The method of digging valuable data and the server using the same, obtain data from the storage area of the source data by the preset extraction instructions. Abnormal data is filtered from the data and the abnormal data is labeled, time of tagging label is attached to the abnormal data at the same time. The abnormal data is input into the preset algorithm model for calculating, and the valuable data is obtained finally. The method of digging valuable data can grab data directly from massive autonomous driving data efficiently by time, or name of event, or the time and the name of event, and also reduce large amount of computing power of the autonomous driving system.

BRIEF DESCRIPTION OF THE DRAWINGS

In order to illustrate the technical solution in the embodiments of the disclosure or the prior art more clearly, a brief description of drawings required in the embodiments or the prior art is given below. Obviously, the drawings described below are only some of the embodiments of the disclosure.
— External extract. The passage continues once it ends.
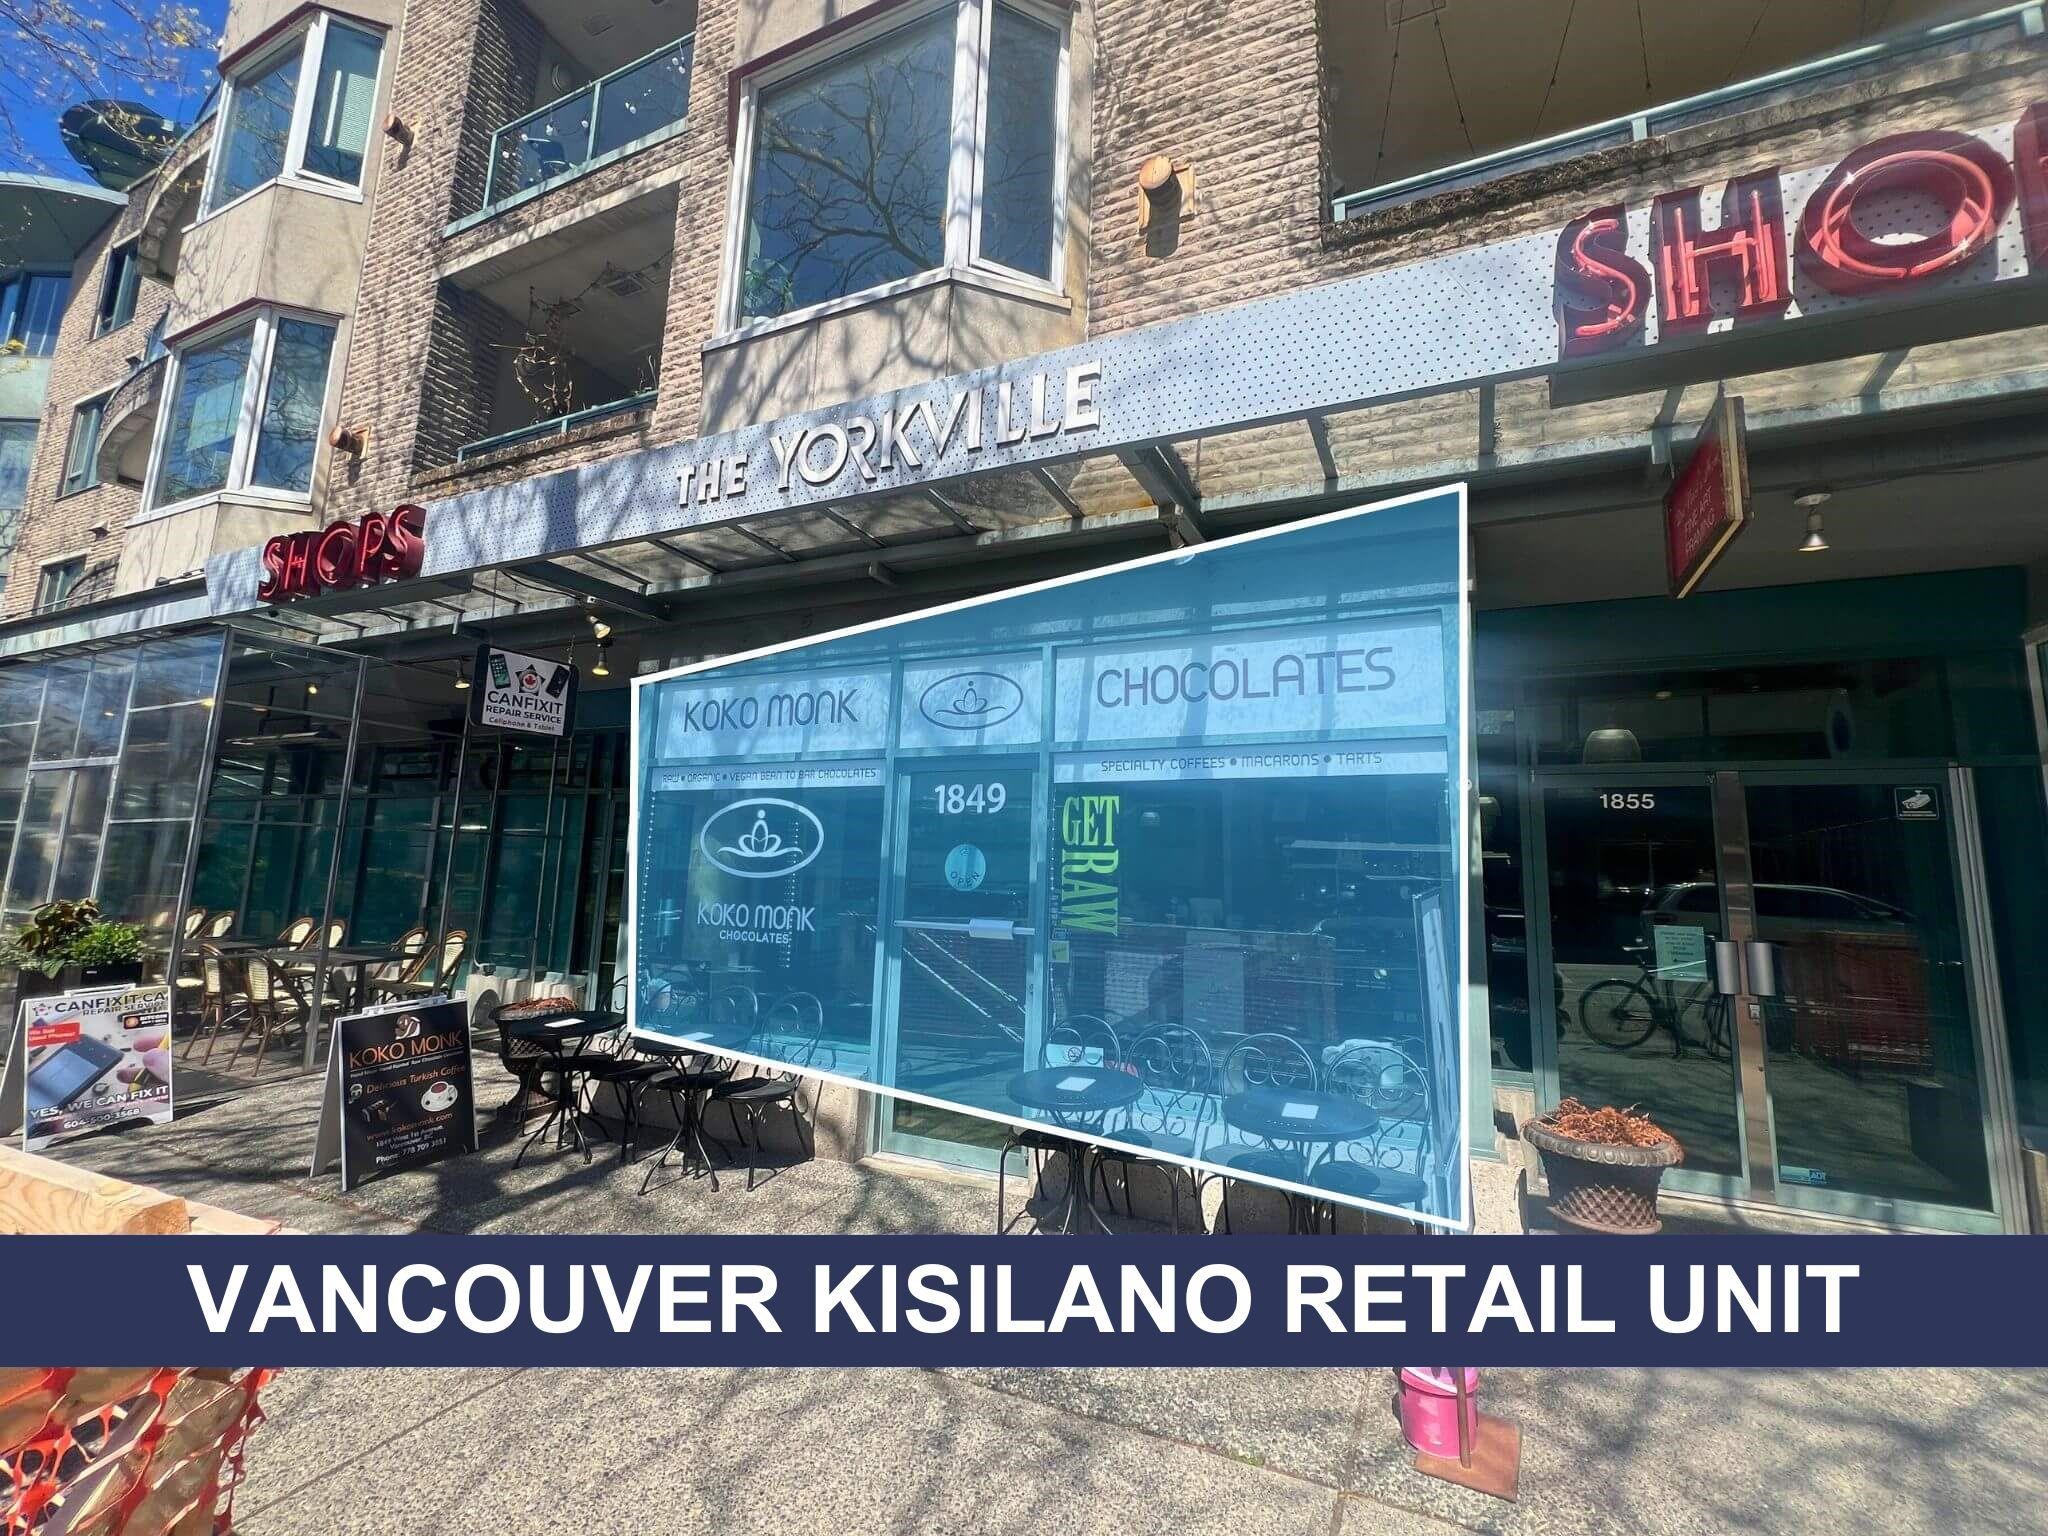 Kitsilano Land Commercial for sale:    (Listed 6800-05-18)

For ordinary technicians in this field, other drawings can be obtained according to the structures shown in these drawings without any creative effort.

FIG. 1 illustrates a flow diagram of a method of digging valuable data in accordance with a first embodiment.

FIG. 2 illustrates a flow diagram of a method of digging valuable data in accordance with a second embodiment.

FIG. 3 illustrates a flow diagram of a method of digging valuable data in accordance with a third embodiment.

FIG. 4 illustrates a sub flow diagram of a method of digging valuable data in accordance with the second embodiment.

FIG. 5 illustrates a sub flow diagram of a method of digging valuable data in accordance with the third embodiment.

FIG. 6 illustrates a schematic diagram of a server of digging valuable data in accordance with an embodiment.

FIG. 7 illustrates a schematic diagram of a storage area of source data in accordance with an embodiment.

FIG. 8 illustrates a schematic diagram of an autonomous driving system in accordance with an embodiment.

FIG. 9 illustrates a schematic diagram of obtaining data packets paralleling in accordance with an embodiment.

DETAILED DESCRIPTION OF THE EMBODIMENTS

In order to make purpose, technical solution and advantages of the disclosure more clearly, the disclosure is further described in detail in combination with drawings and embodiments. It is understood that the specific embodiments described herein are used only to explain the disclosure and are not used to define it. On the basis of the embodiments in the disclosure, all other embodiments obtained by ordinary technicians in this field without any creative effort are covered by protection of the disclosure.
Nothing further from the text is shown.